Both detectives looked spent, their eyes glassy from working two days without sleep and topping the night off at her place.
Lena turned to the deputy chief. “Tell me what’s going on,” she said.
Ramsey broke open a roll of Tums, choosing his words carefully. “Escabar found the bodies, but didn’t call it in until after he cleared the place out. Hollywood detectives got here around one-thirty. They identified Bosco and passed the case up to Robbery-Homicide. When two of your colleagues arrived, they made an ID on the kid and called your supervisor. Frank called me, and then I briefed the chief at his hotel in Philadelphia. Once we got here and everything checked out, I called the chief back and we made a decision. Then Frank called you.”
She wondered if Ramsey had any idea that the shortest distance between two points was a straight line. Nothing about who called who or even why was important anymore. Body number two was the main event, not Bosco. She was sure of it now.
“Who is he?” she asked.
“A motherfucker,” Ramsey said. “A real asshole. As much trouble to us dead as he was alive. That’s why you got the call on your day off. The department needs you now. The people you work with, Gamble.”
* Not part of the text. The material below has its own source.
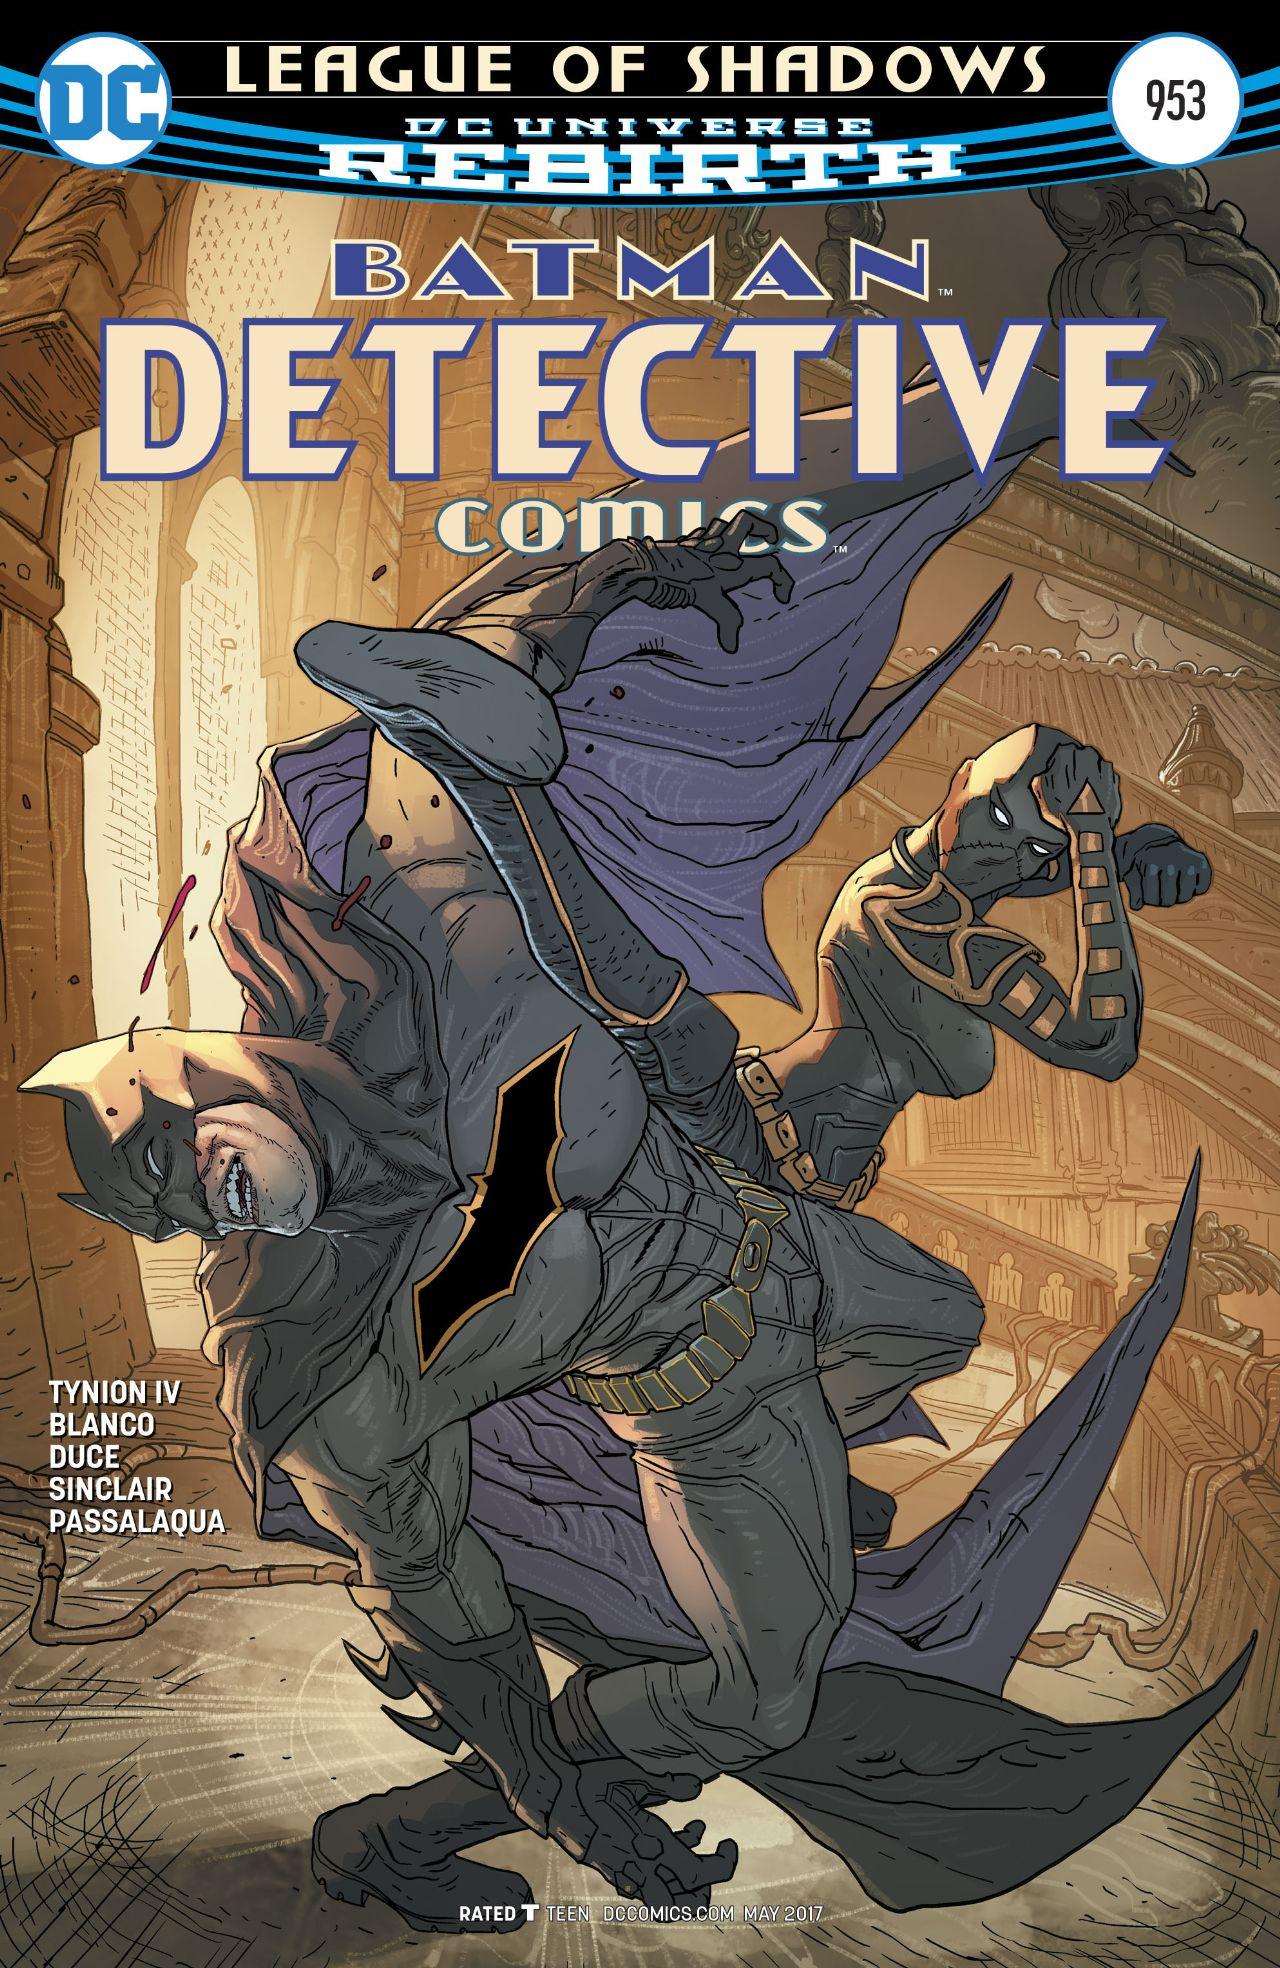 Detective Comics Vol. 1 #953

Lena watched Ramsey dig an evidence bag out of his jacket. He held it up, displaying a pair of wallets, then passed it over.
“They found them over there in the trash,” he said. “The shooter took the cash, but left their credit cards. Johnny Bosco was known to carry a lot of cash, and there’s a fire escape right outside those open windows. His partner, Dante Escabar, believes that this was a robbery. That the mess we’re looking at was done by a pro. What’s your take?”
Lena glanced at the corpse, then turned back to the deputy chief. She lowered her voice because it seemed obvious that Ramsey already knew what she was about to say. She didn’t understand the play. Why was he running this out in slow motion?
“Number two was the target, not Bosco,” she said.
“You sure about that?”
She nodded. “The killer knew him. And whatever happened here tonight was payback. You don’t blow somebody’s eyes out if he’s a friend. And you don’t waste time shooting a dead man if he’s a stranger.